HER: "Happy people don't have affairs". She says that she was miserable for 20 years and should have left me a long time ago.
YOU: "Decent people don't lie to their spouses and string them along for 20 years about being happy when they are not."
The thing with her AP cannot be called "love" in my opinion until it has stood up to the test of reality, where they both are free to be together, and they actually are together, for at least a year. What they have is a fantasy of how they wish it would be. Not love. This dude didn't want to spend his life with a 44-year-old with an ex-husband and two kids. He loves his girlfriend. He had sex with your wife. He dumped her so fast it made her head spin.

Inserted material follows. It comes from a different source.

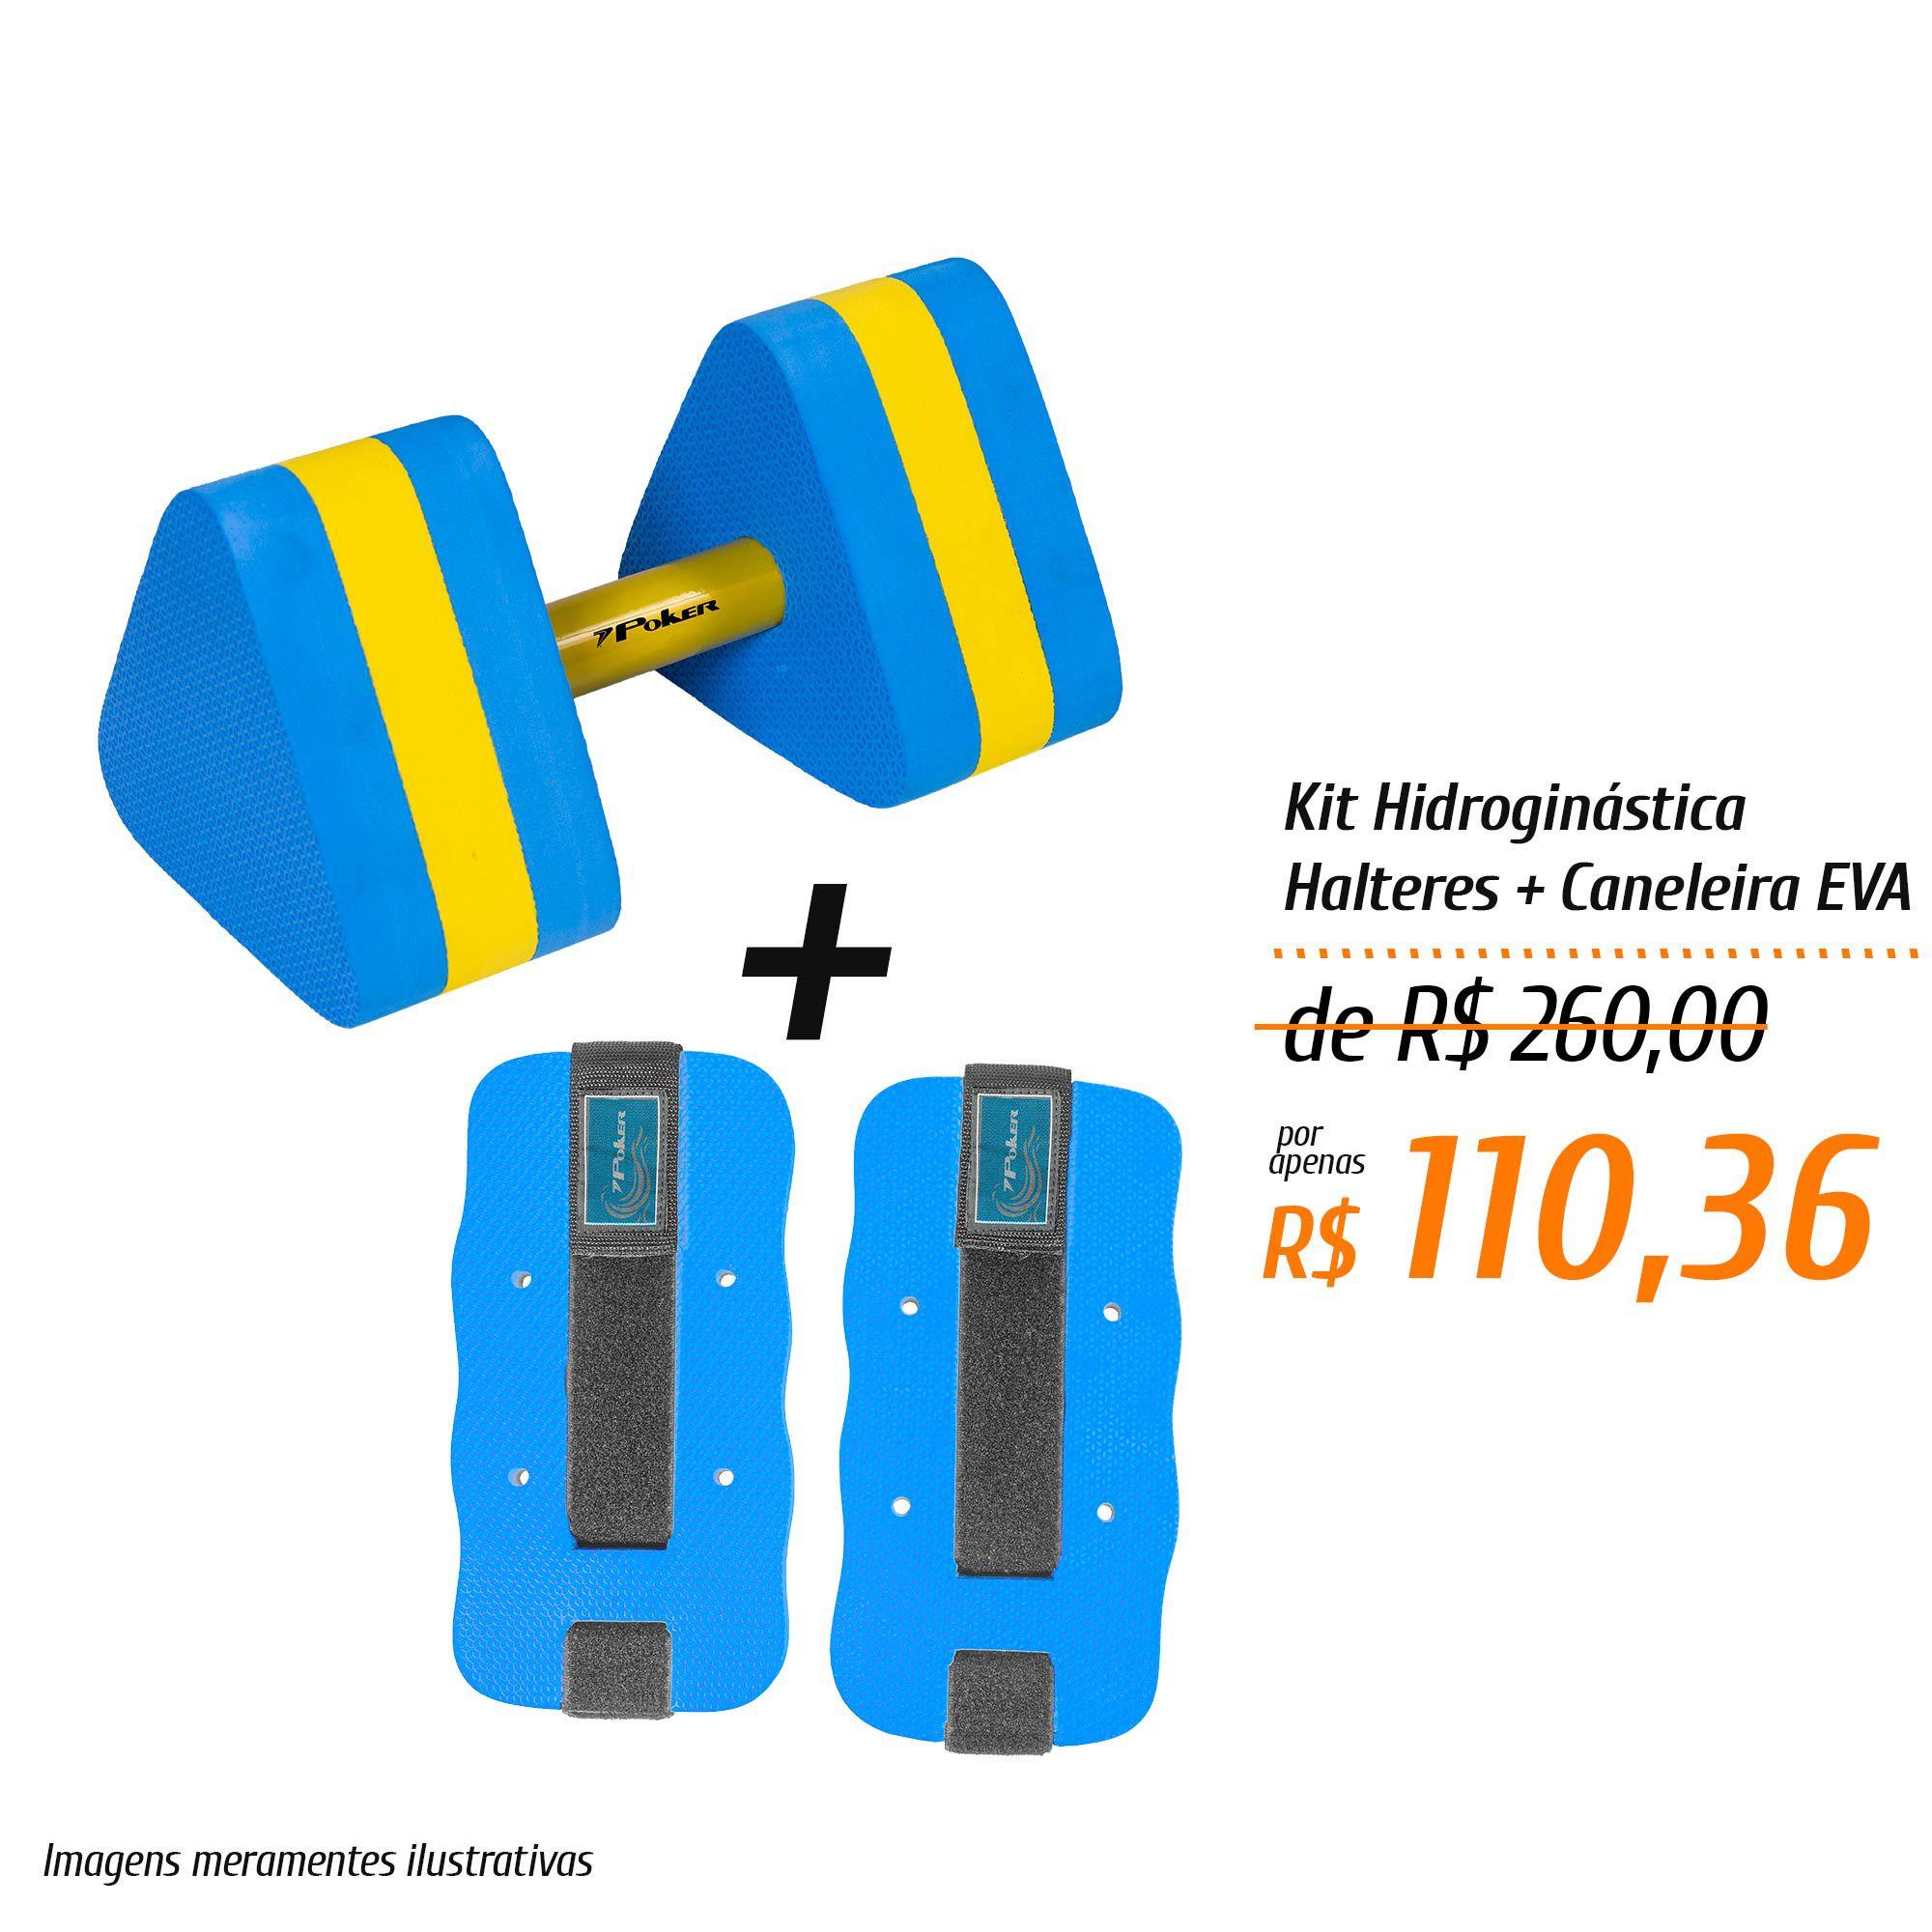 Kit Hidroginástica

There are posters on here who got divorced and then remarried. It is possible, but I don't see it for your wife. I have met her carbon copies about a dozen times over the past 20 years. I take it that she is very attractive. She has re-discovered that she can be a rock star, as can any pretty woman - she can go out to a bar, dress a certain way, act a certain way, and guys - even much younger guys - will line up hoping to get a piece. I guess she doesn't realize is that all they want is a piece. Some day, she will. She will meet some other guy, that guy will be decent enough, she will settle down, and she will realize - she may never tell you - but she will realize that it's really all the same. You were not the devil who made her miserable. This guy will leave his underwear on the floor, not lower the seat, whatever - he will not be perfect. Neither would have the spinning instructor.

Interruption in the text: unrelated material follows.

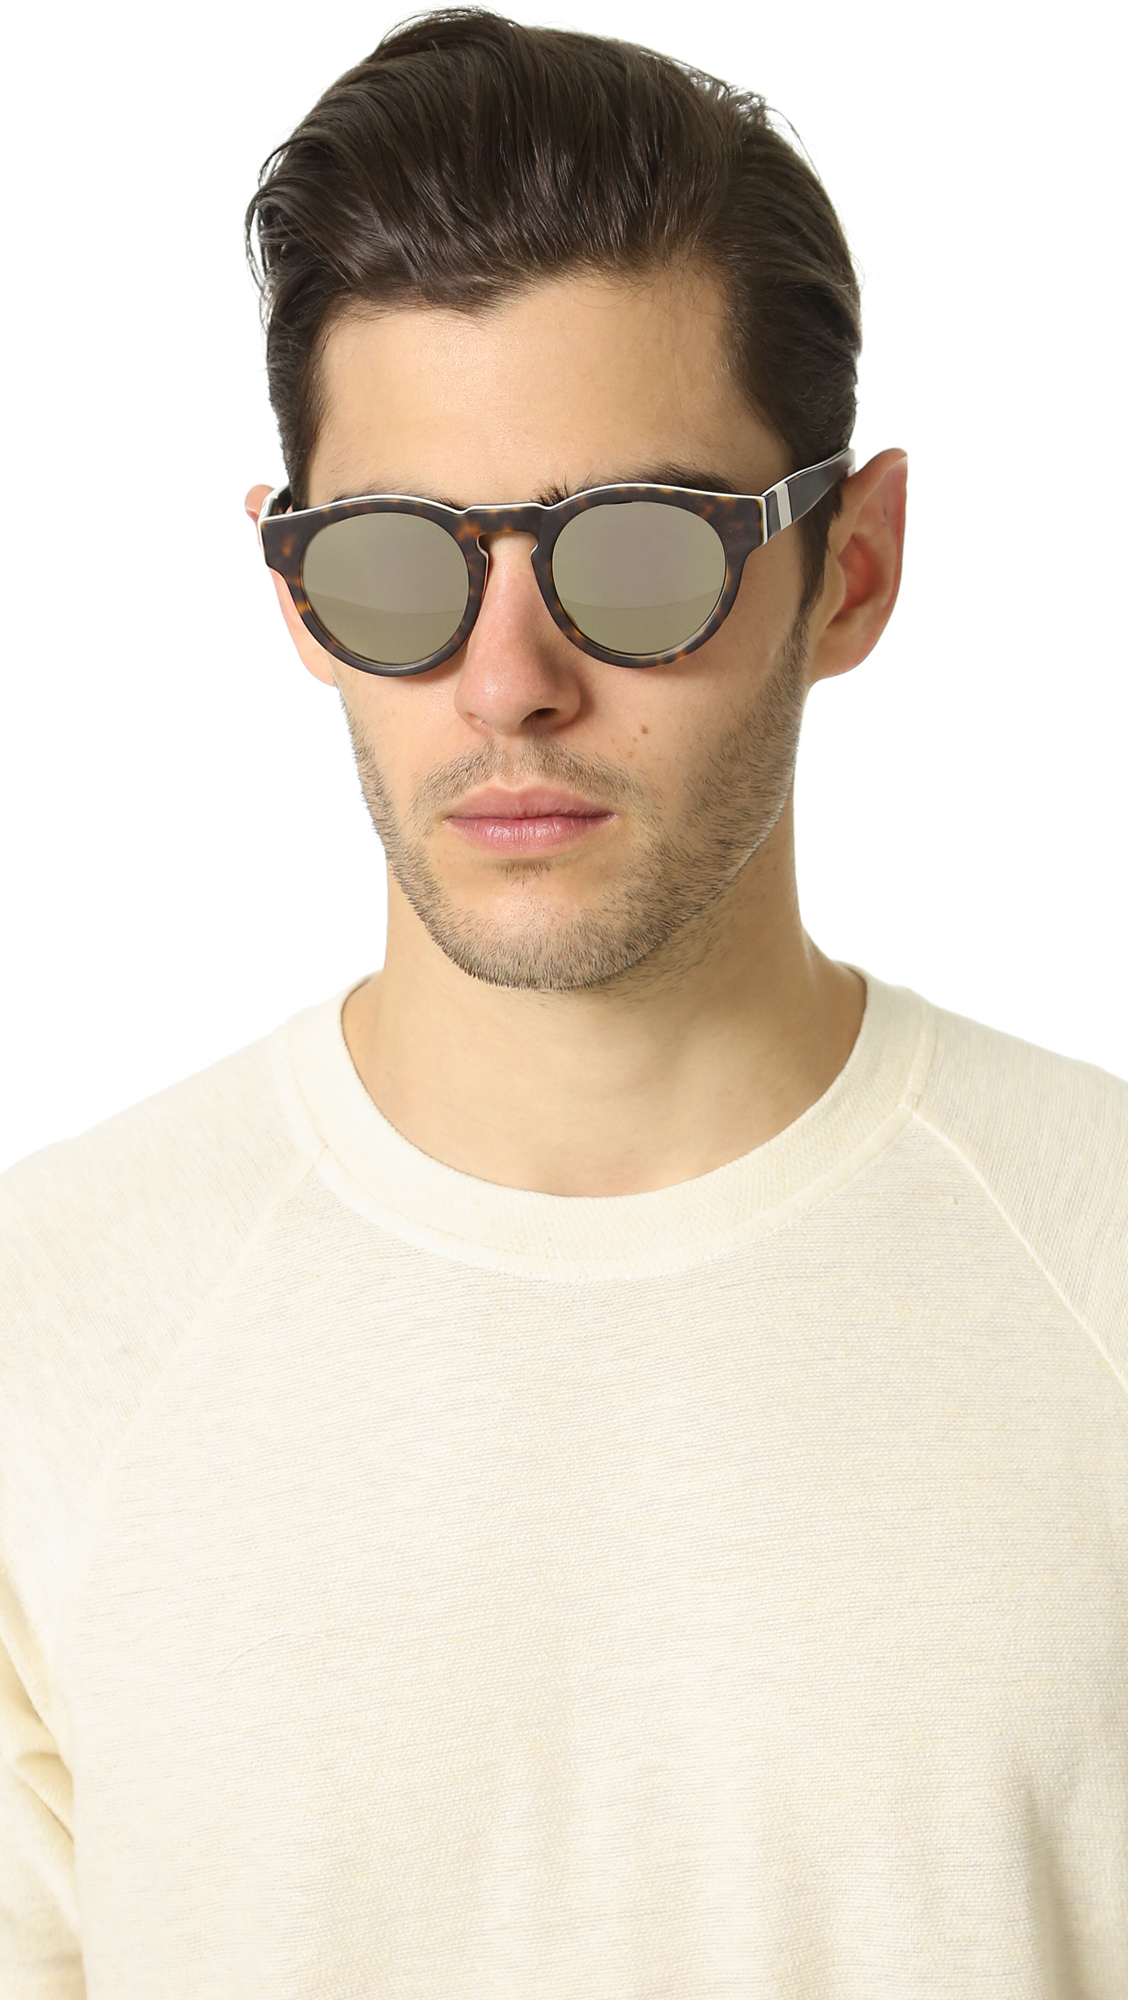 7fb5d36500 Lyst - Westward Leaning Voyager 10 Sunglasses in Black for Men

I am always amazed at how juvenile the cheaters are. Your wife is no exception. That list she made about "defining her losses?" Under him, she lists passion and excitement - aren't they basically the same thing? Common interests? How about building a life together, cooperating to raise two great kids, save money, pay the bills, and comfort each other. Yeah, it got routine and you didn't do the little things, you let it get too much like roommates - but so did she. She has a mouth, she could have told you what was up.
You know, I think you realize it, you said it, but you look weak to her, she has lost some respect for the way you just sit back and took her shit without standing up for yourself. She is going to the gym with macho men - not the spinning instructor, specifically, but if you spend any amount of time in a gym, you know what I mean. She is thinking, why would my husband put up with this from me? My AP never would tolerate, that other guy in the gym wouldn't tolerate it, etc., etc., etc. Maybe if these guys were in the same situation they would tolerate it, maybe they don't tolerate it now because they have nothing to lose with your wife. Me, personally, I have no use for a woman who is going to lose respect for me because I love her that much to put up with her crap. You took vows with your wife, you went out into the world every day to earn a living to support your family, to give her the kind of life where she has time during the day to listen to the sweet talk of a spinning instructor while you are on the job busting your ass to pay for her cheating ass.
I'm starting to ramble. But my point is, get moving on with your life. She can chase you later on when and if she ever realizes just what she gave up.